Set down the whole listing below exactly. The pictures stay out.

| Provided material |

————

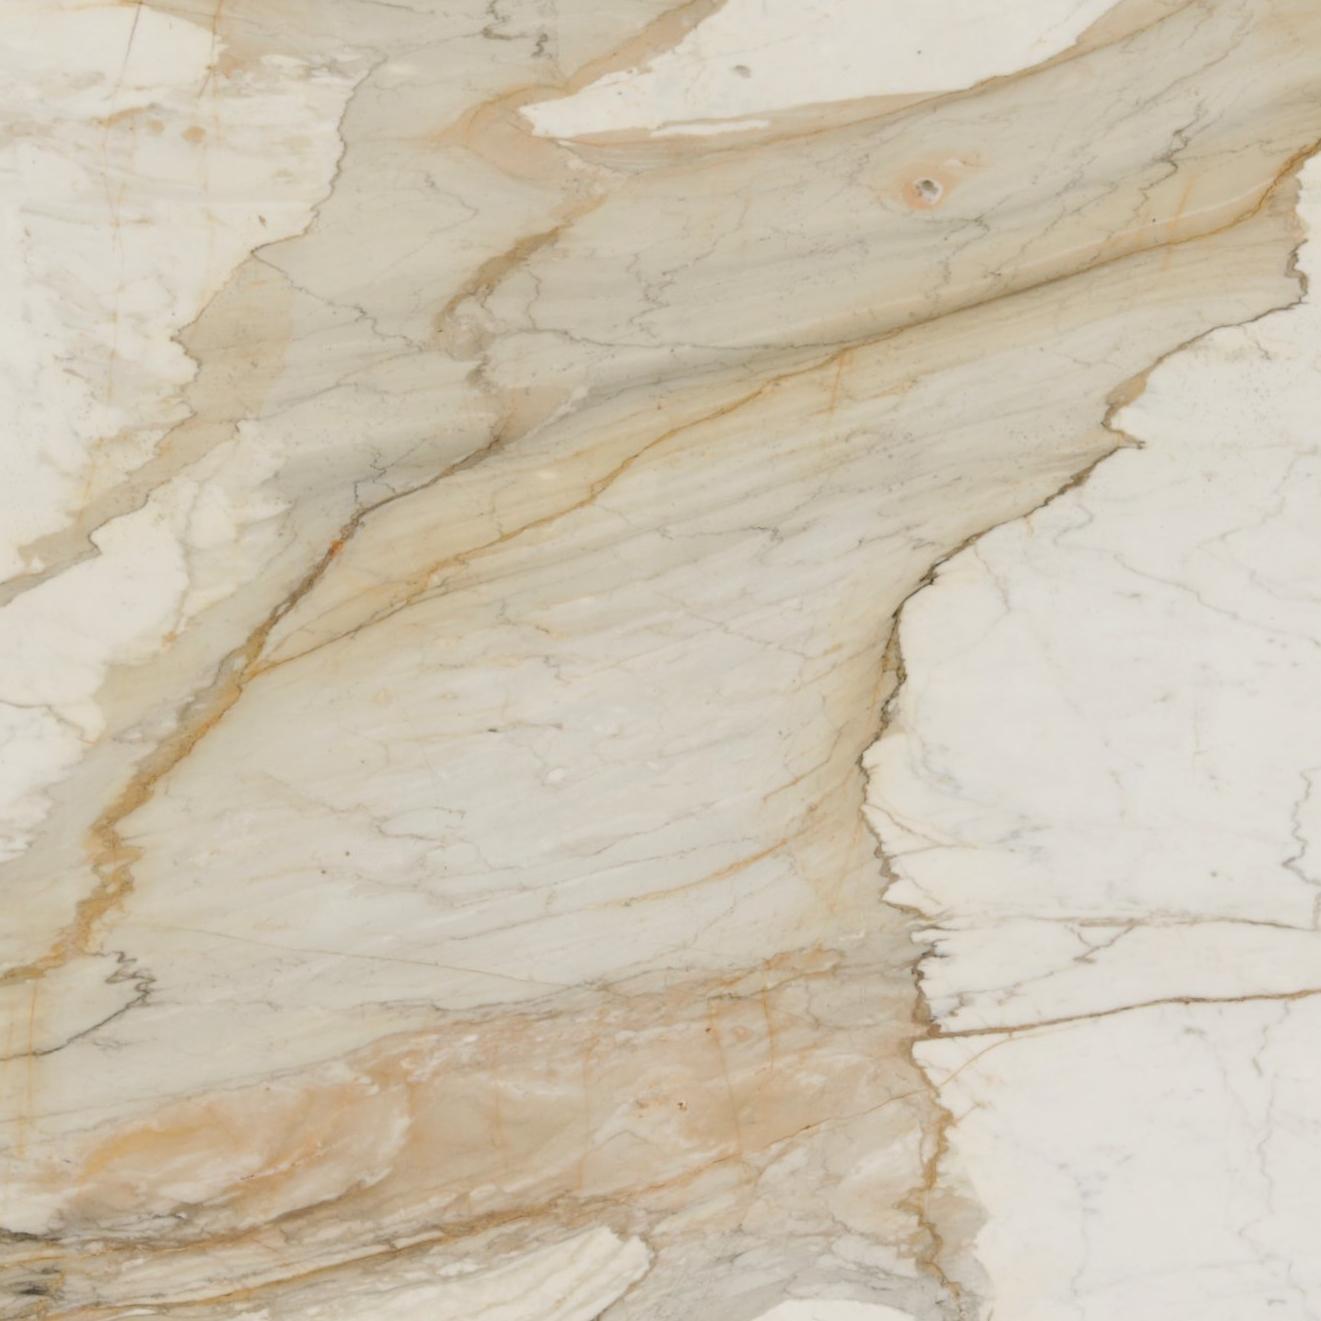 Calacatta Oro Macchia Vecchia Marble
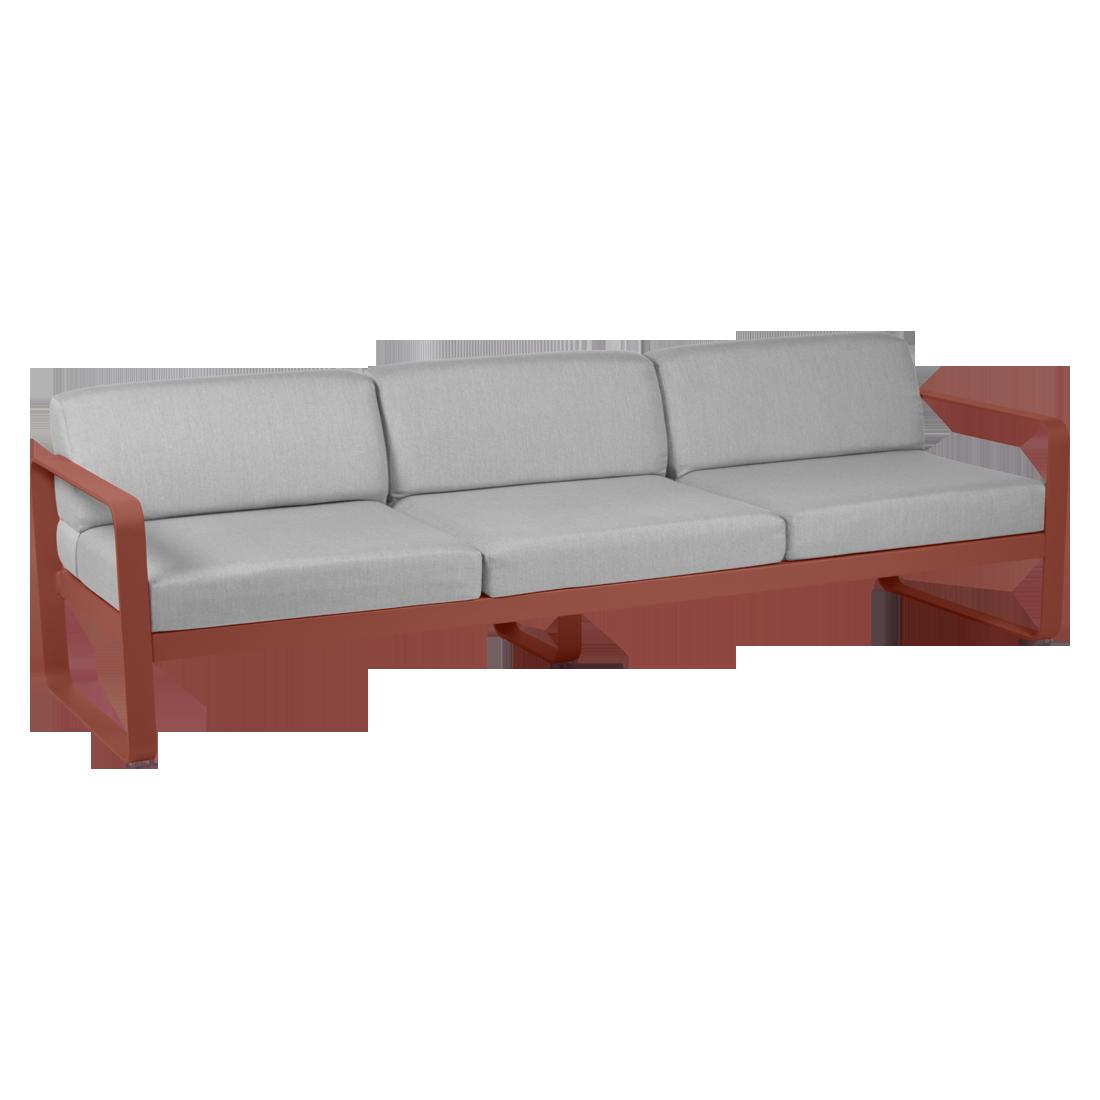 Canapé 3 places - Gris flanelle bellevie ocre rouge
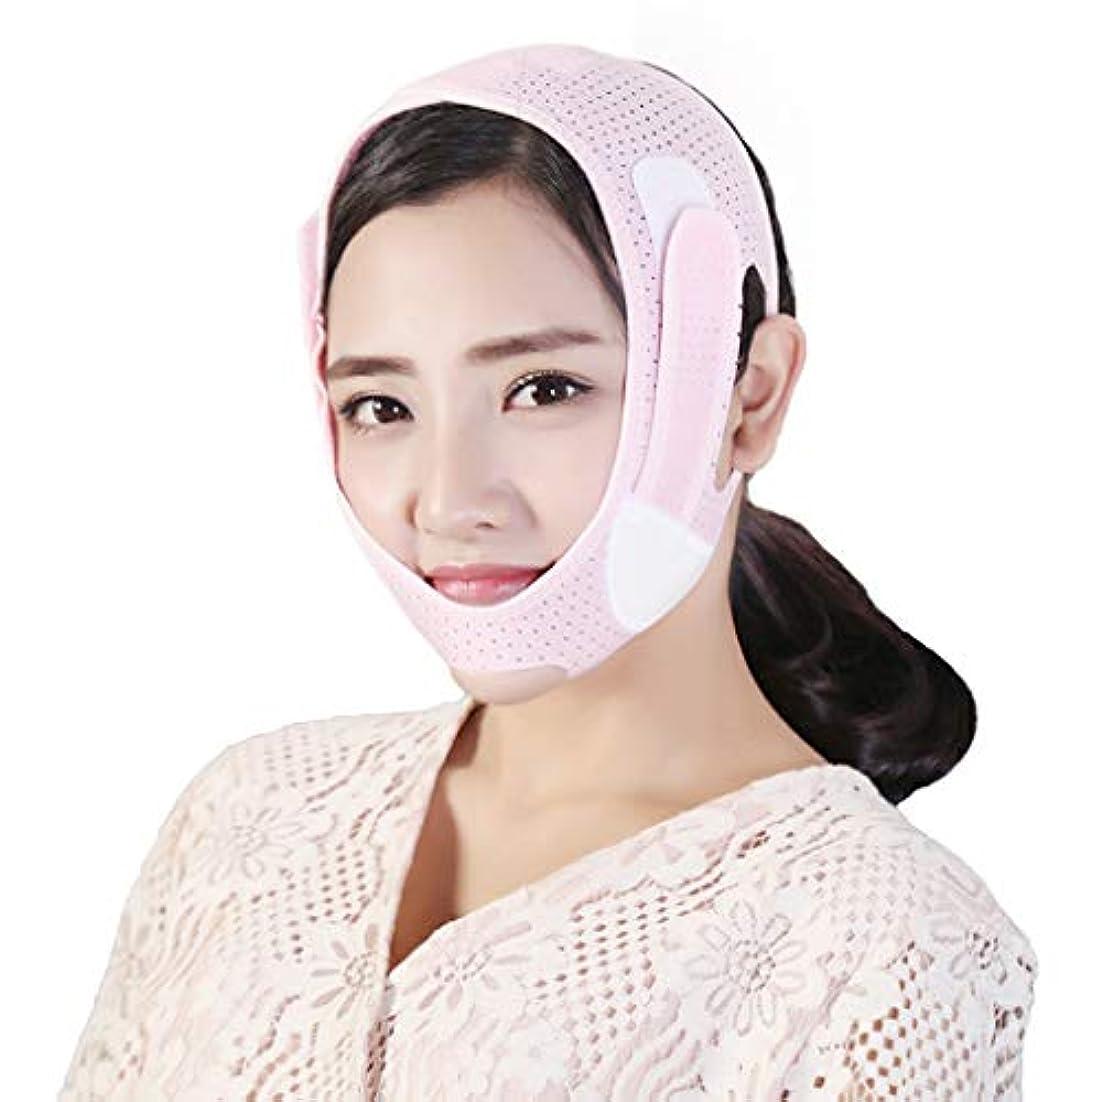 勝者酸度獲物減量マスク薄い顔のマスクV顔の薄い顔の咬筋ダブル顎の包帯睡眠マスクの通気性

————

| Task output |
 Calacatta Oro Macchia Vecchia Marble
 Canapé 3 places - Gris flanelle bellevie ocre rouge
 勝者酸度獲物減量マスク薄い顔のマスクV顔の薄い顔の咬筋ダブル顎の包帯睡眠マスクの通気性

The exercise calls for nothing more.